Task brief: Any picture in the data below should be skipped, while every line is repeated exactly.

Dataset excerpt:

────

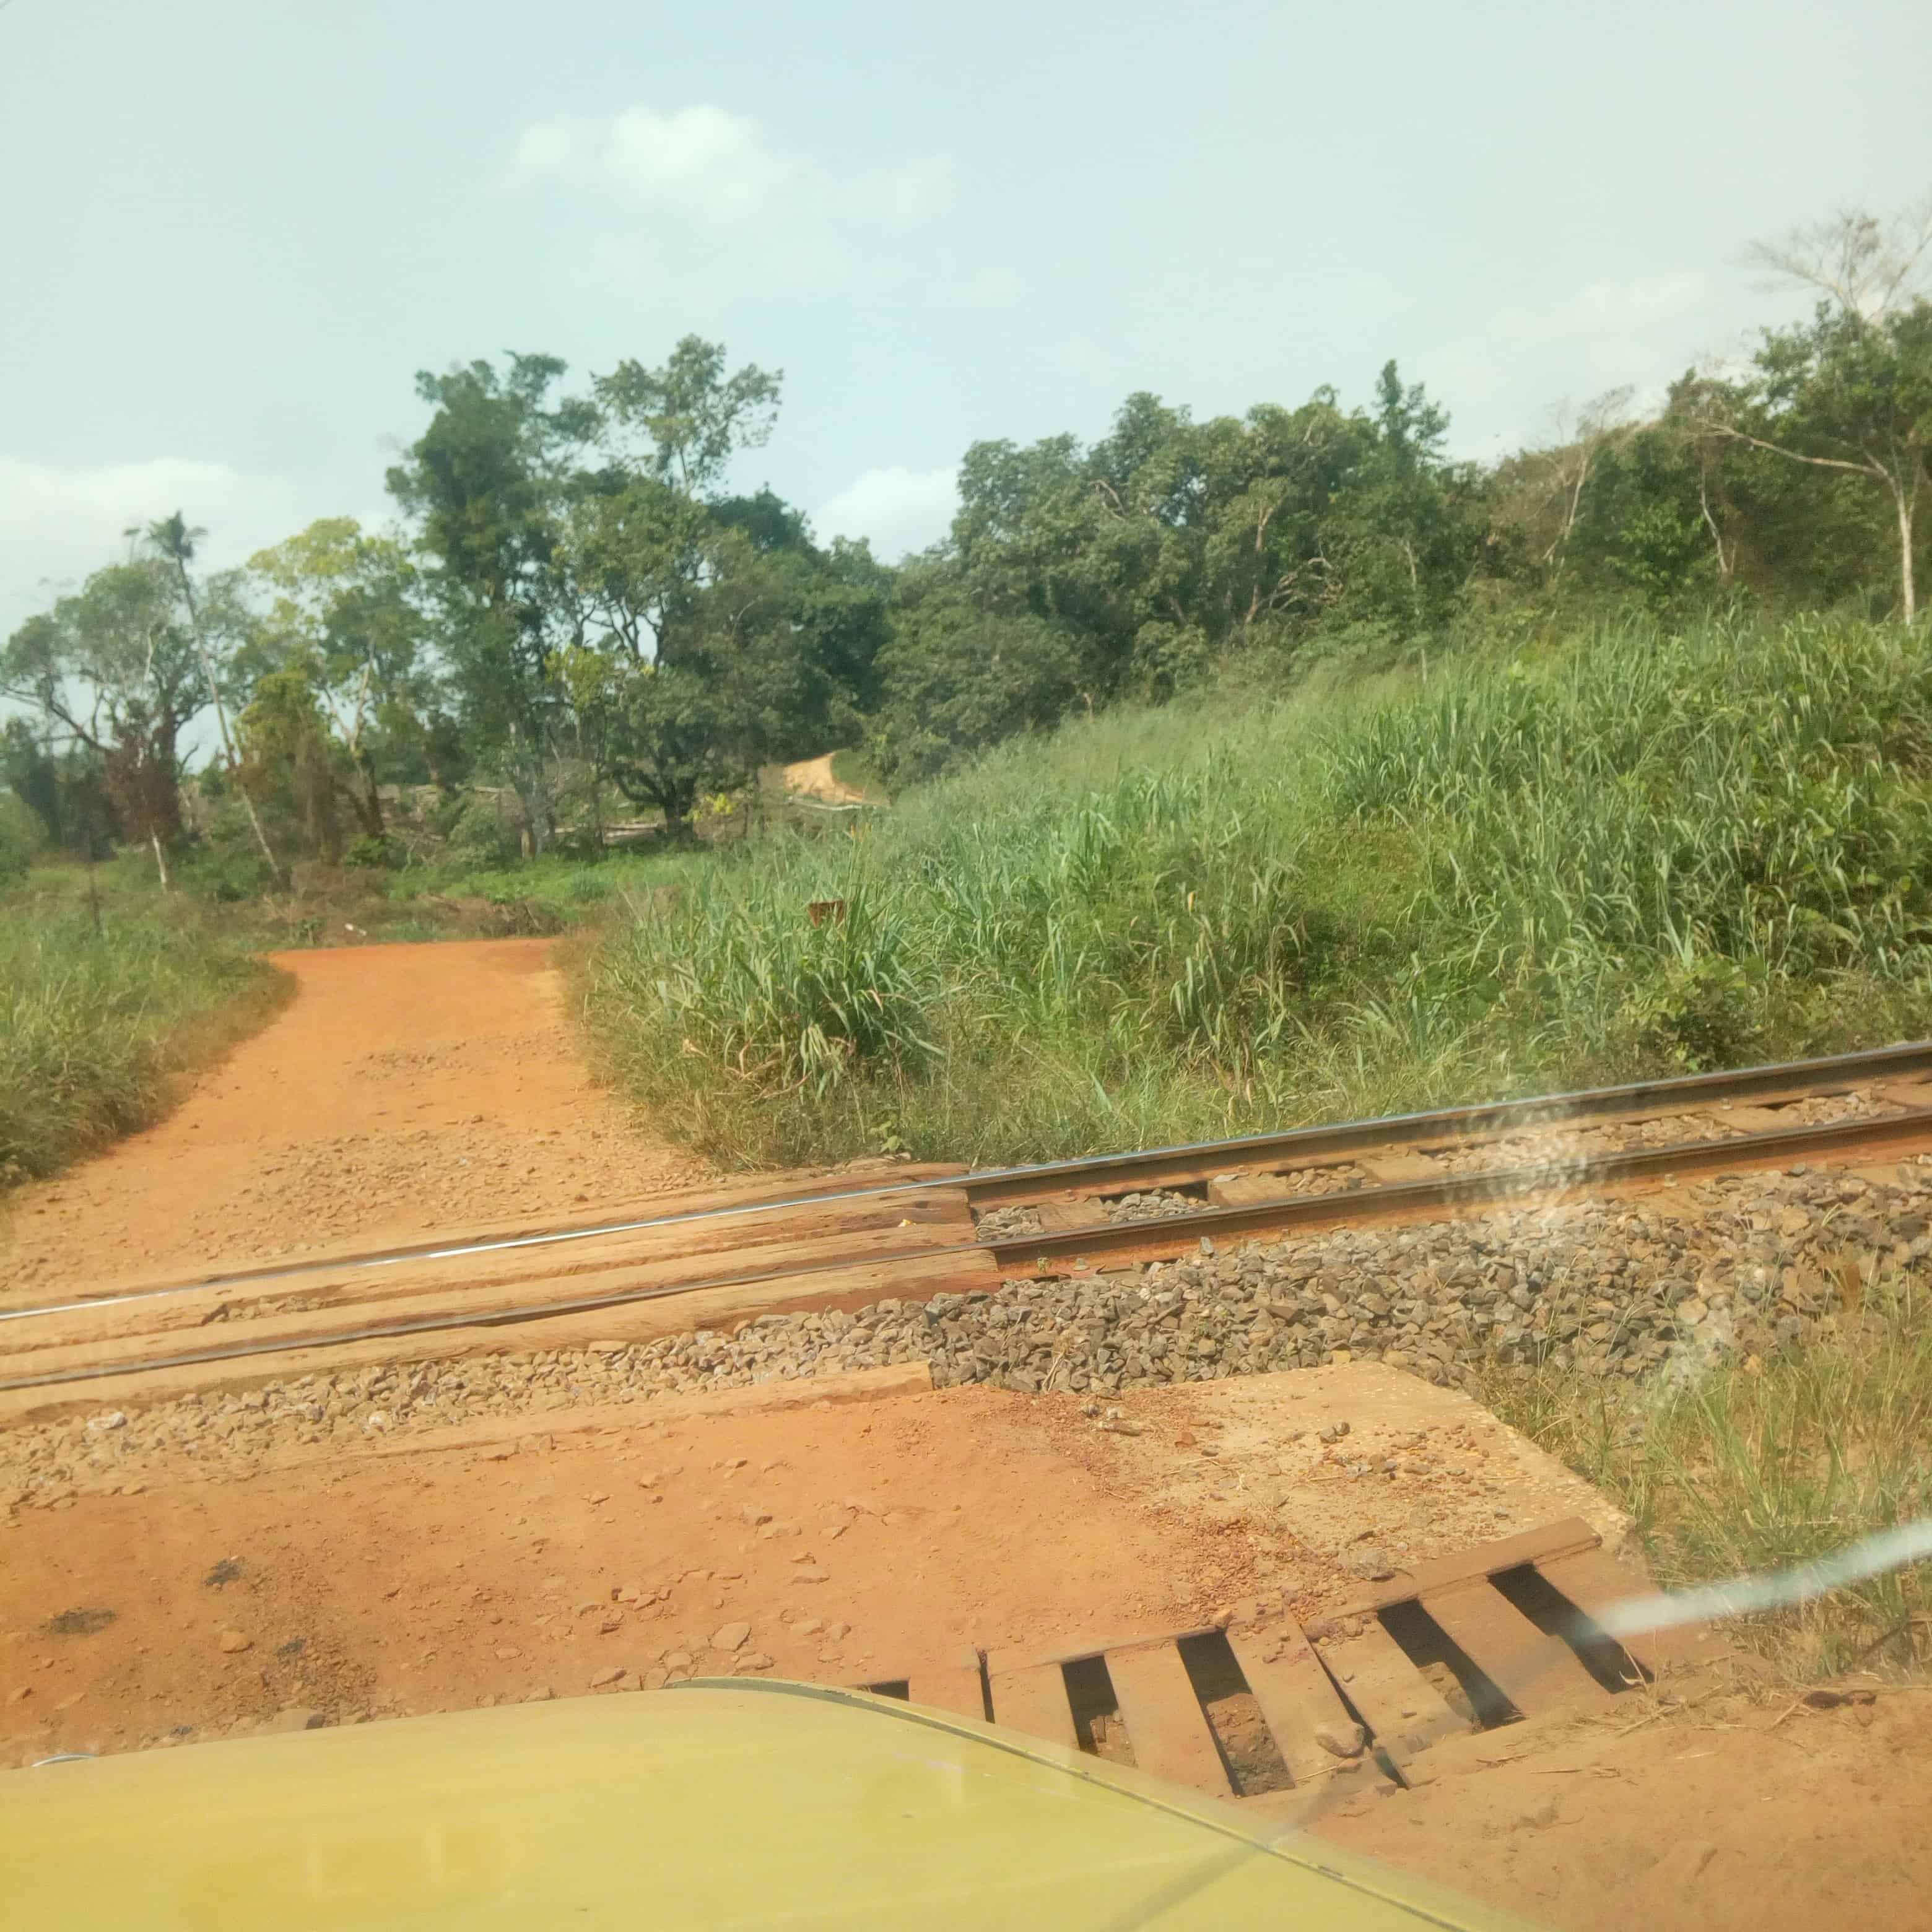 Land for sale at Douala, PK 27, Tondè - 10 m2 - 300 000 000 FCFA
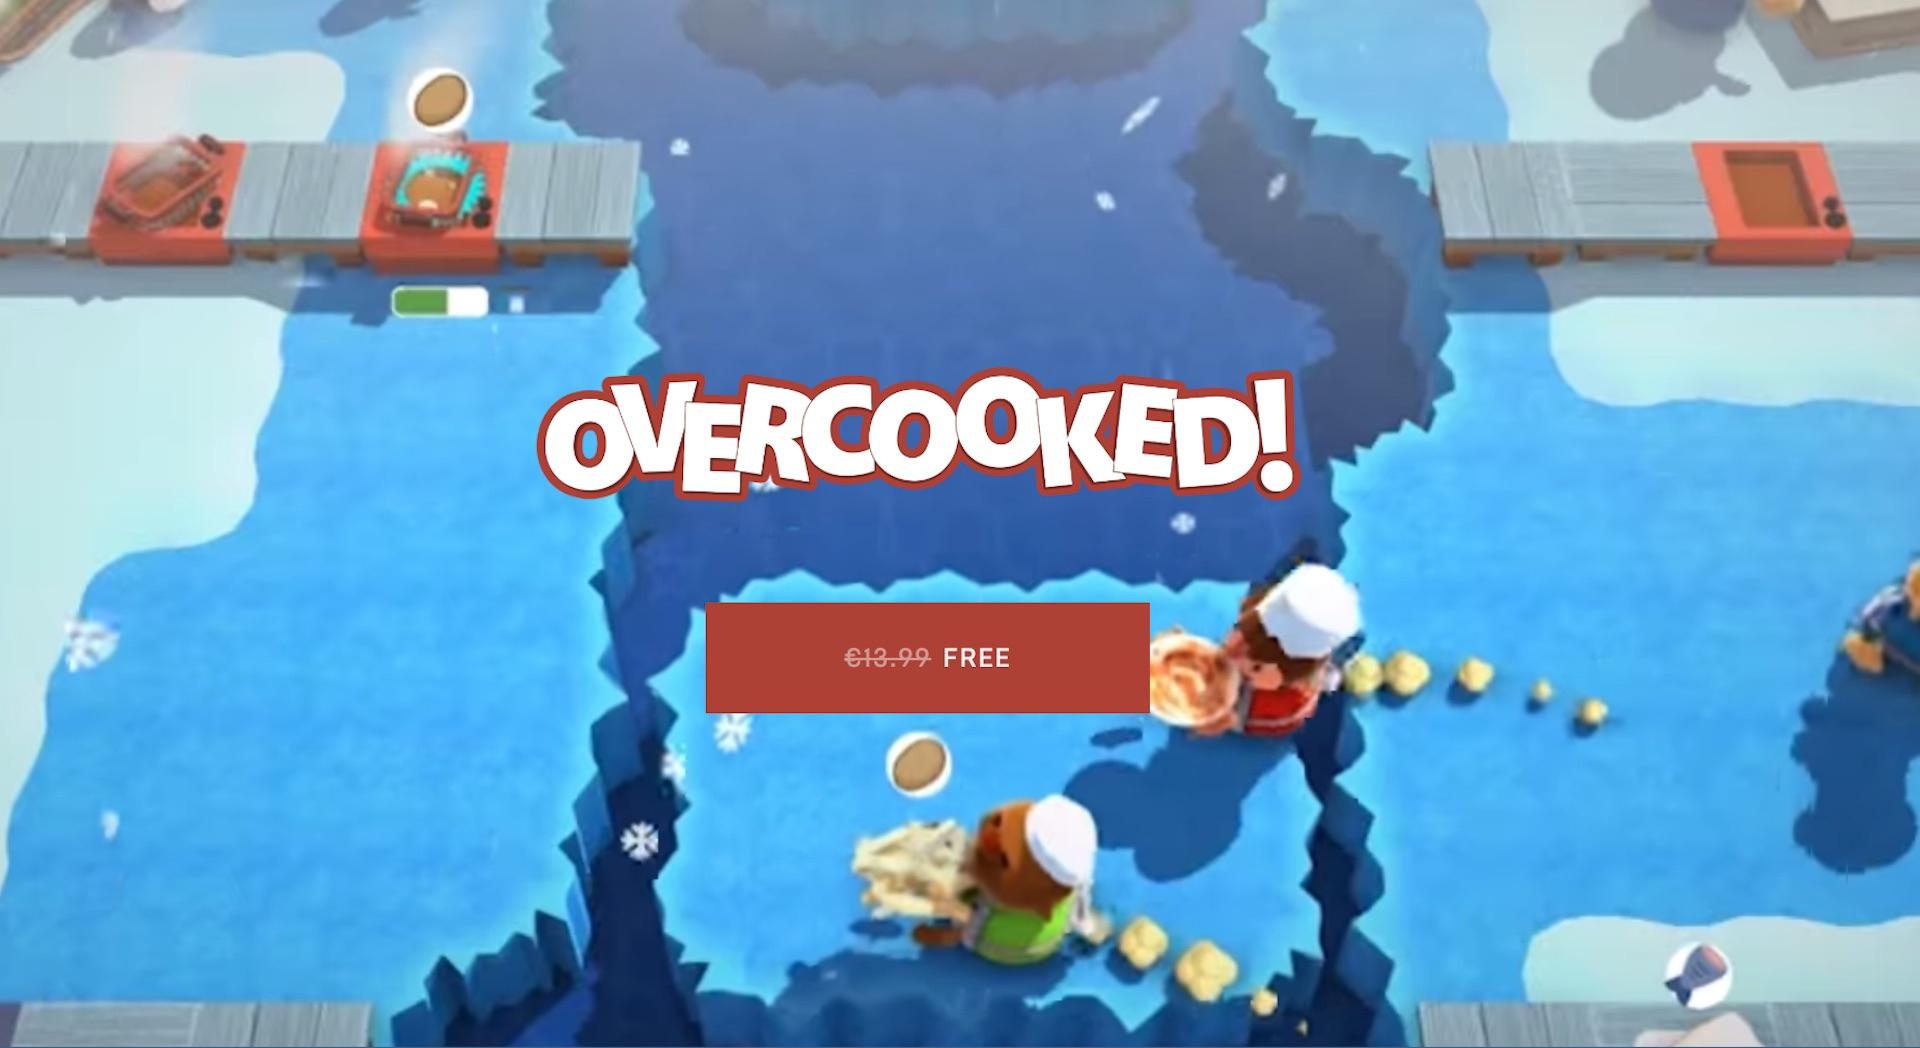 Overcooked Est Temporairement Gratuit : Foncez Télécharger encequiconcerne Jeux Video Pc Gratuit Sans Telechargement
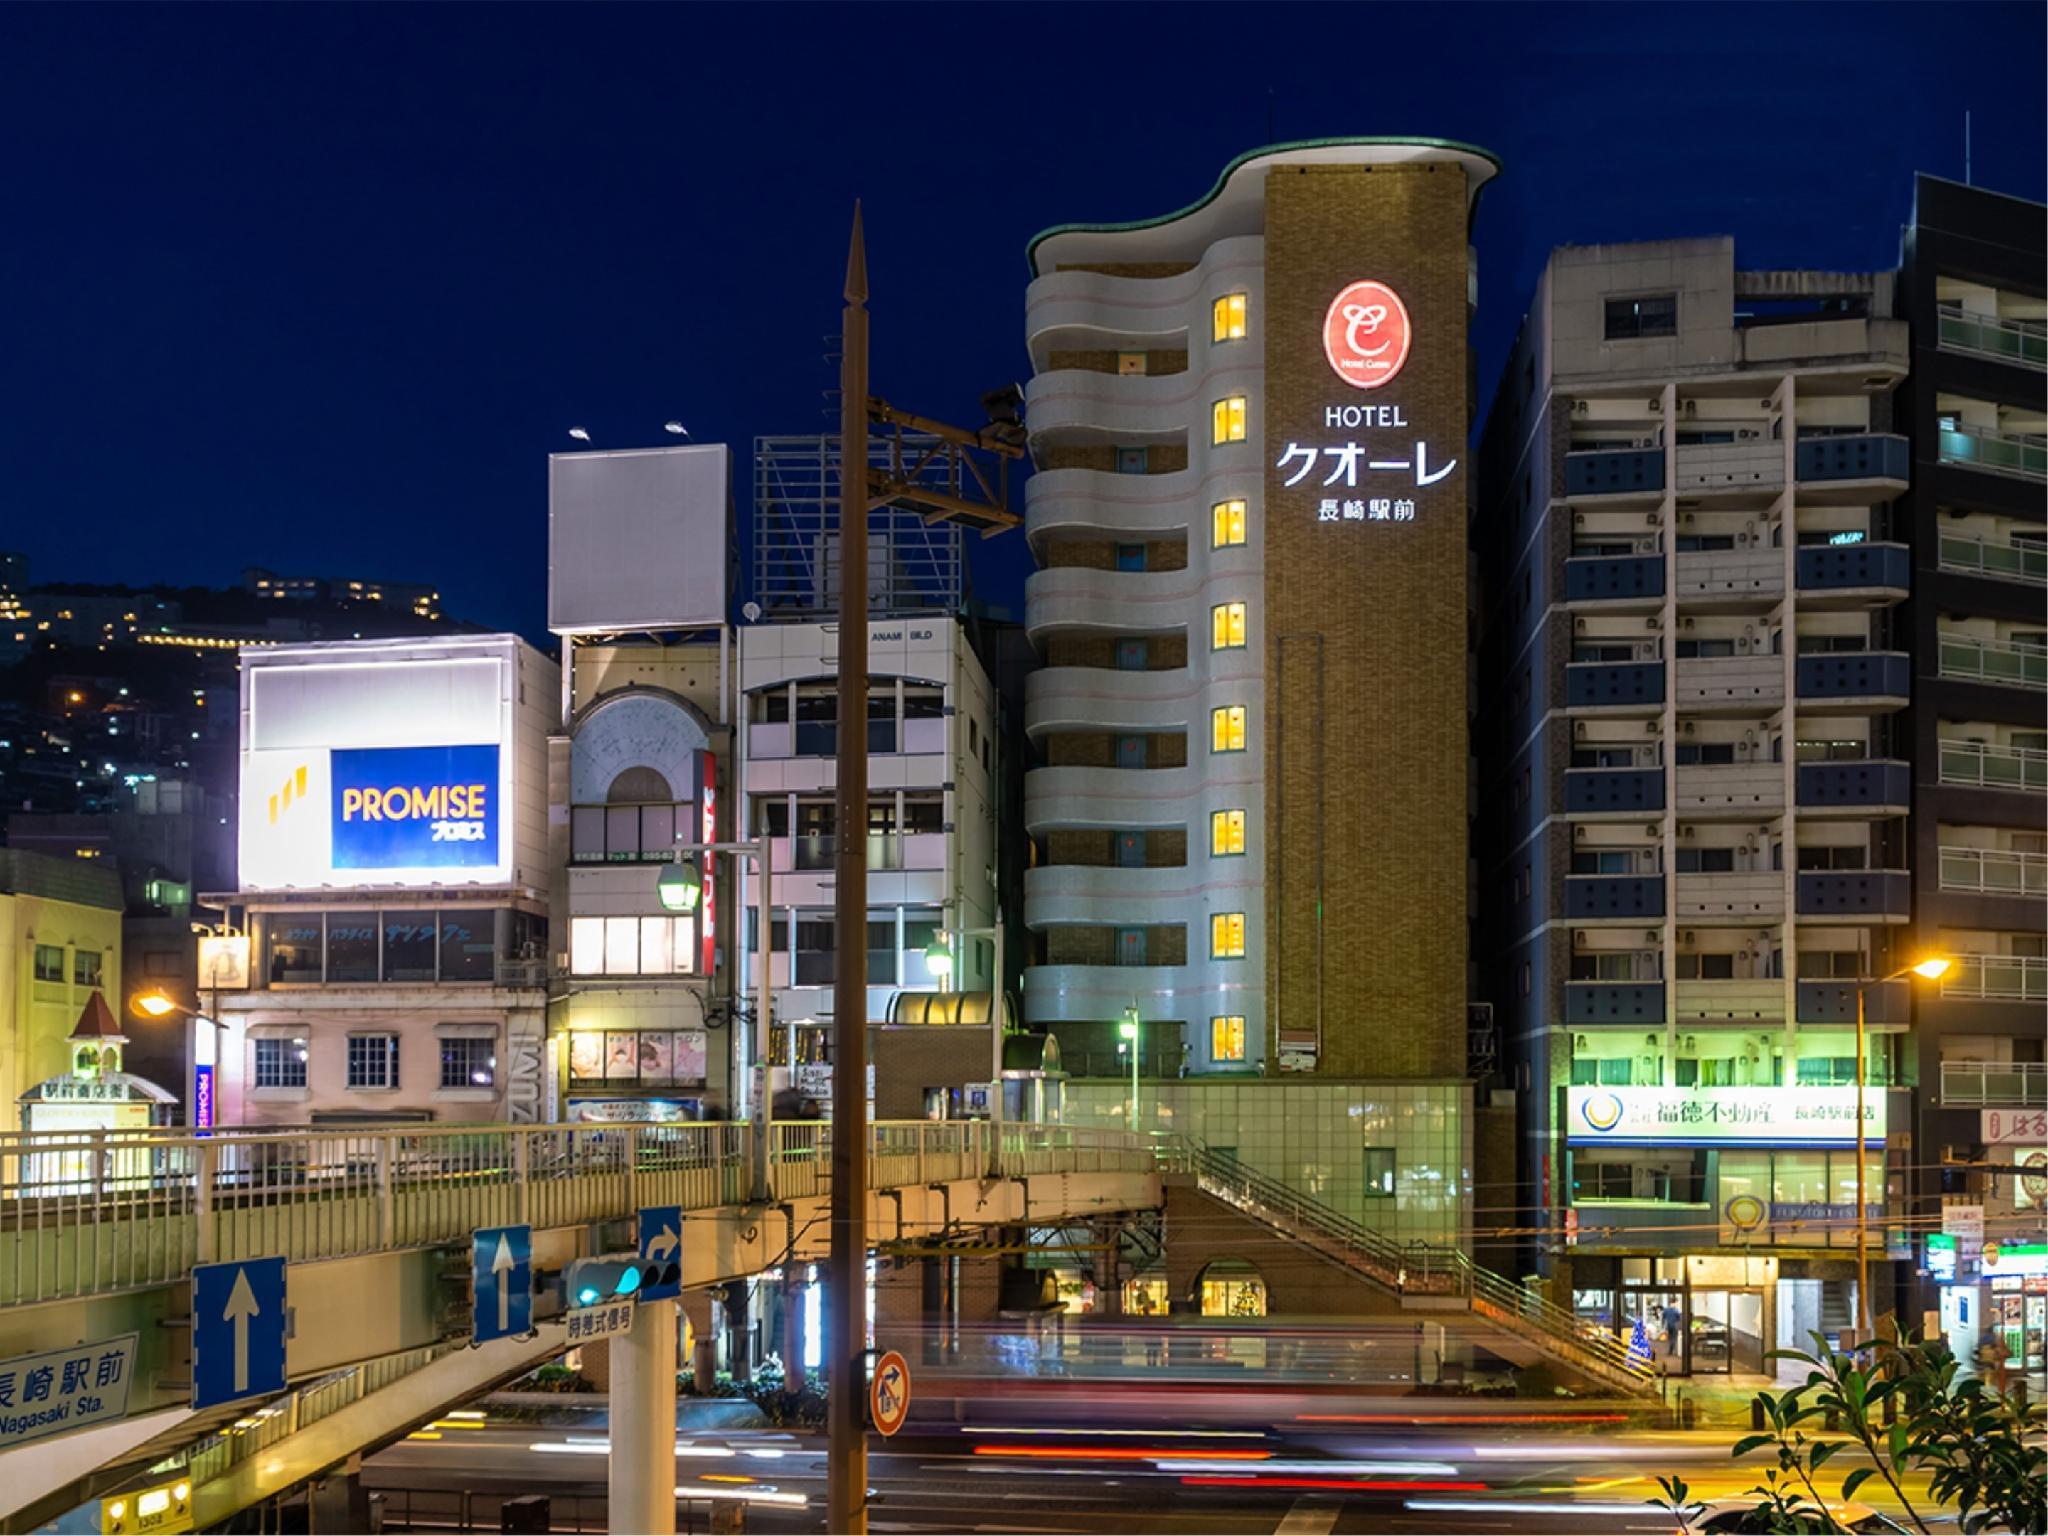 Hotel Cuore Nagasakiekimae

────

Answer area:
 Land for sale at Douala, PK 27, Tondè - 10 m2 - 300 000 000 FCFA
 Overcooked Est Temporairement Gratuit : Foncez Télécharger encequiconcerne Jeux Video Pc Gratuit Sans Telechargement
 Hotel Cuore Nagasakiekimae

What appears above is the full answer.